> _WHAT YOU WILL DO_: Return all of the data exactly as written, without the pictures.

> _SUPPLIED MATERIAL_:
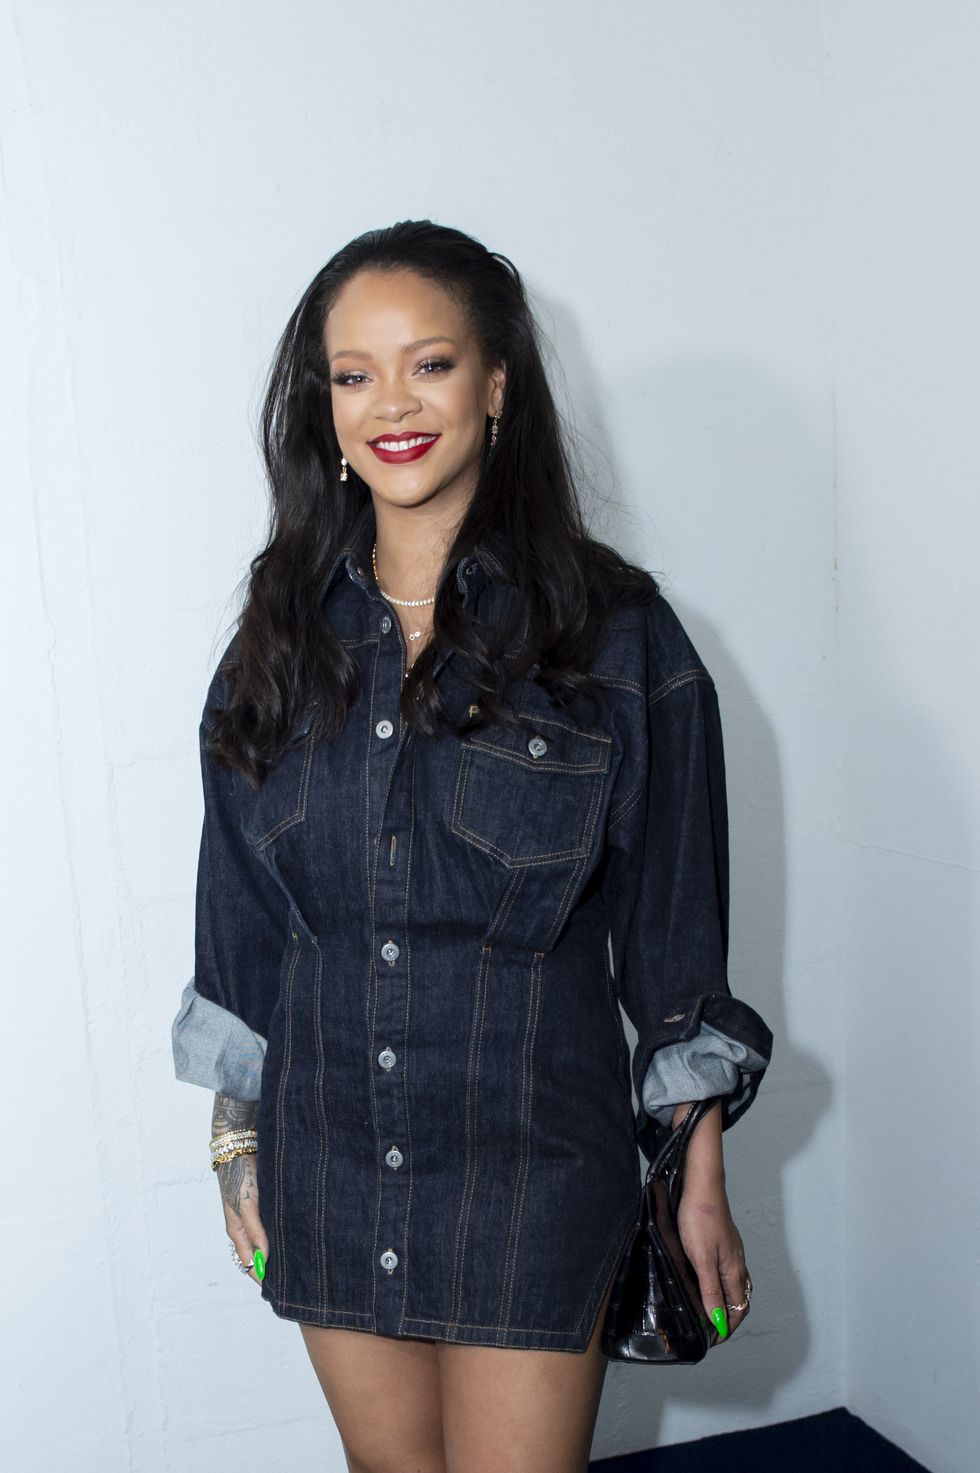 Rihanna and LVMH Hit Pause on Fenty, Their Fashion Line - The New
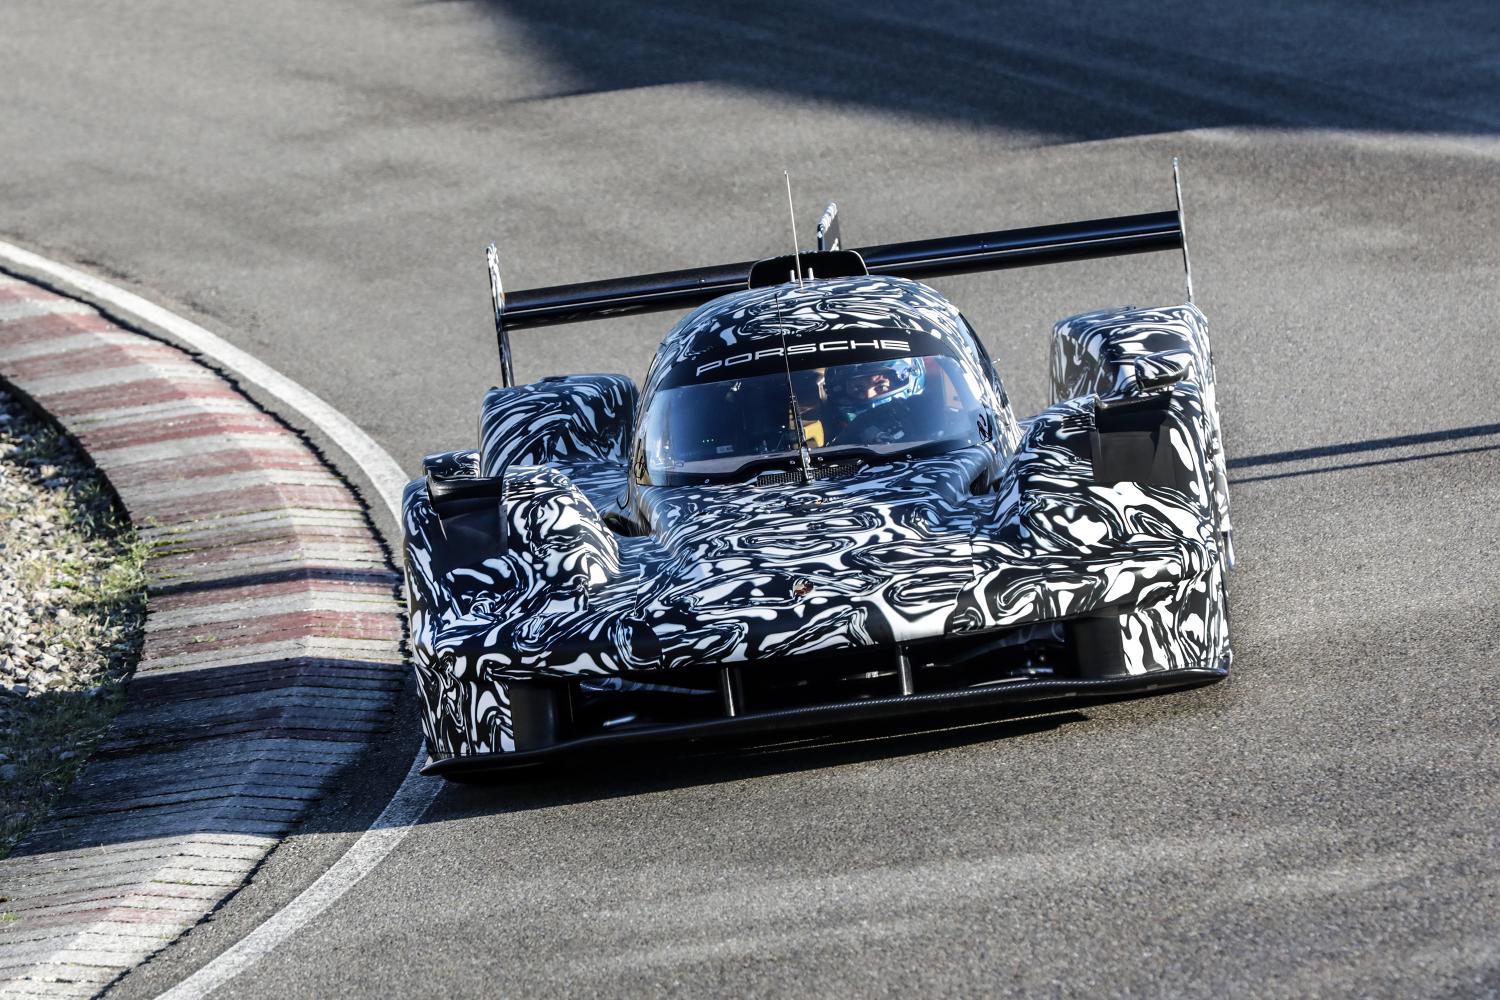 24 Hours of Le Mans Porsche's Hypercar enters active testing phase
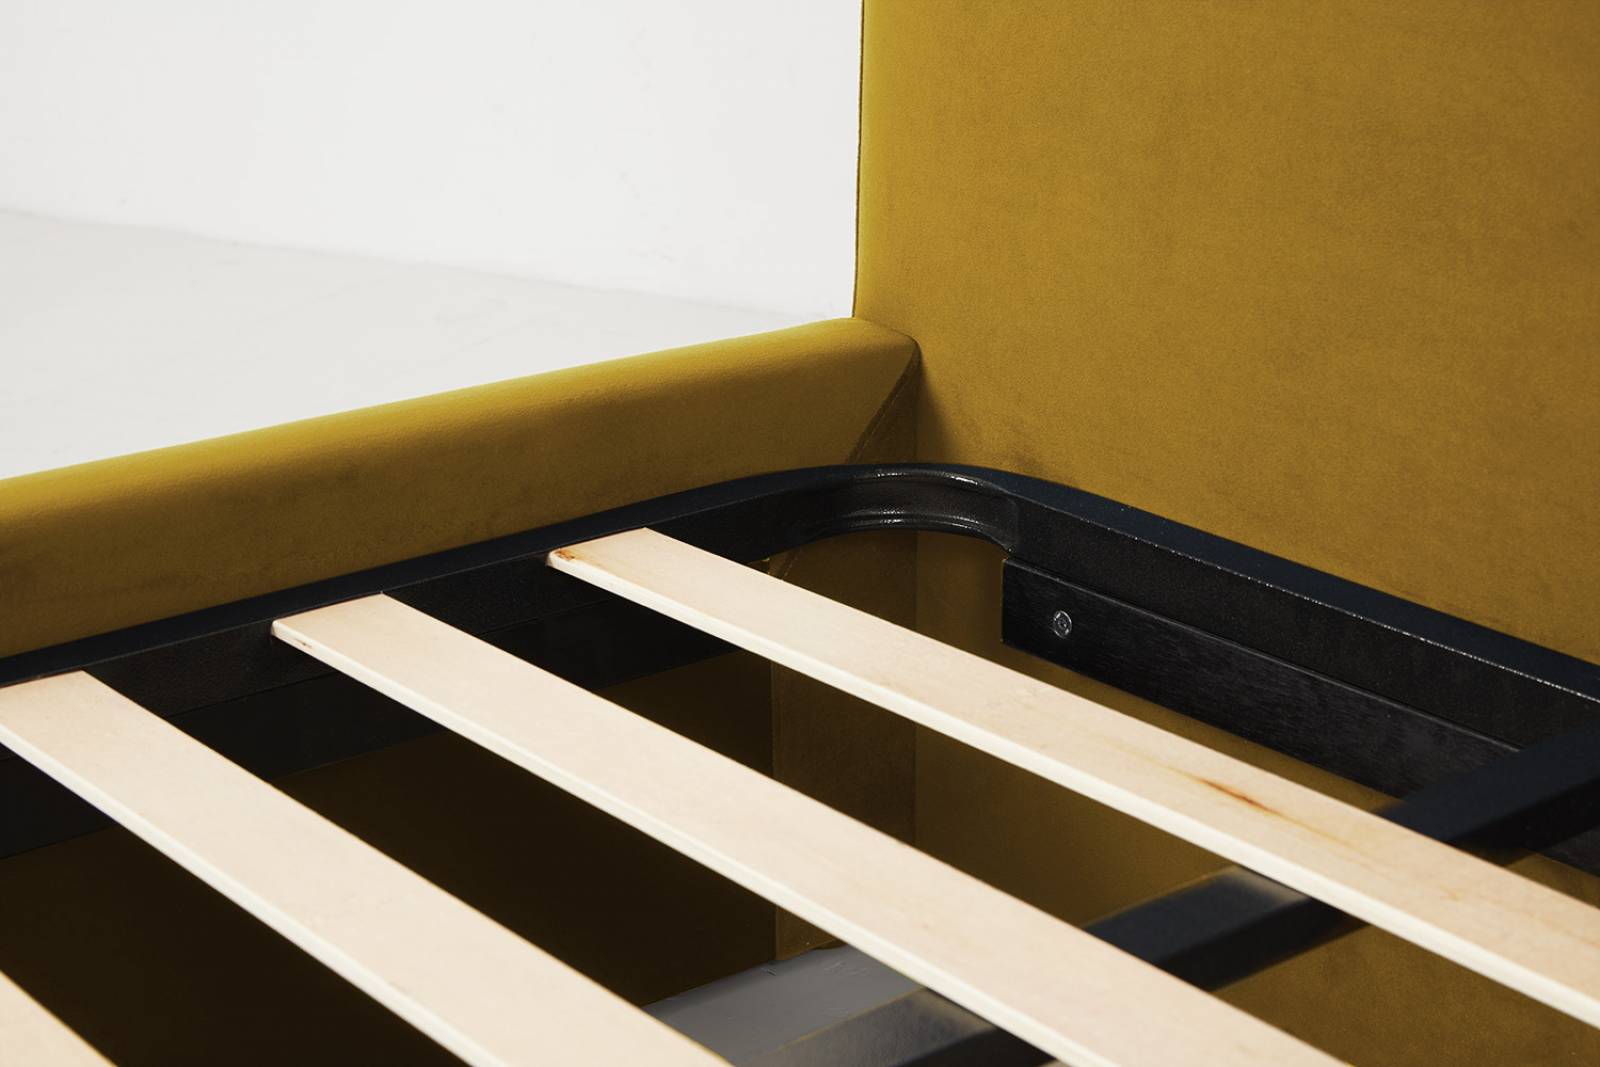 Swyft Bed 01 - Double Size Bed Frame - Velvet Mustard thumbnails

> _YOUR SOLUTION_:
 Rihanna and LVMH Hit Pause on Fenty, Their Fashion Line - The New
 24 Hours of Le Mans Porsche's Hypercar enters active testing phase
 Swyft Bed 01 - Double Size Bed Frame - Velvet Mustard thumbnails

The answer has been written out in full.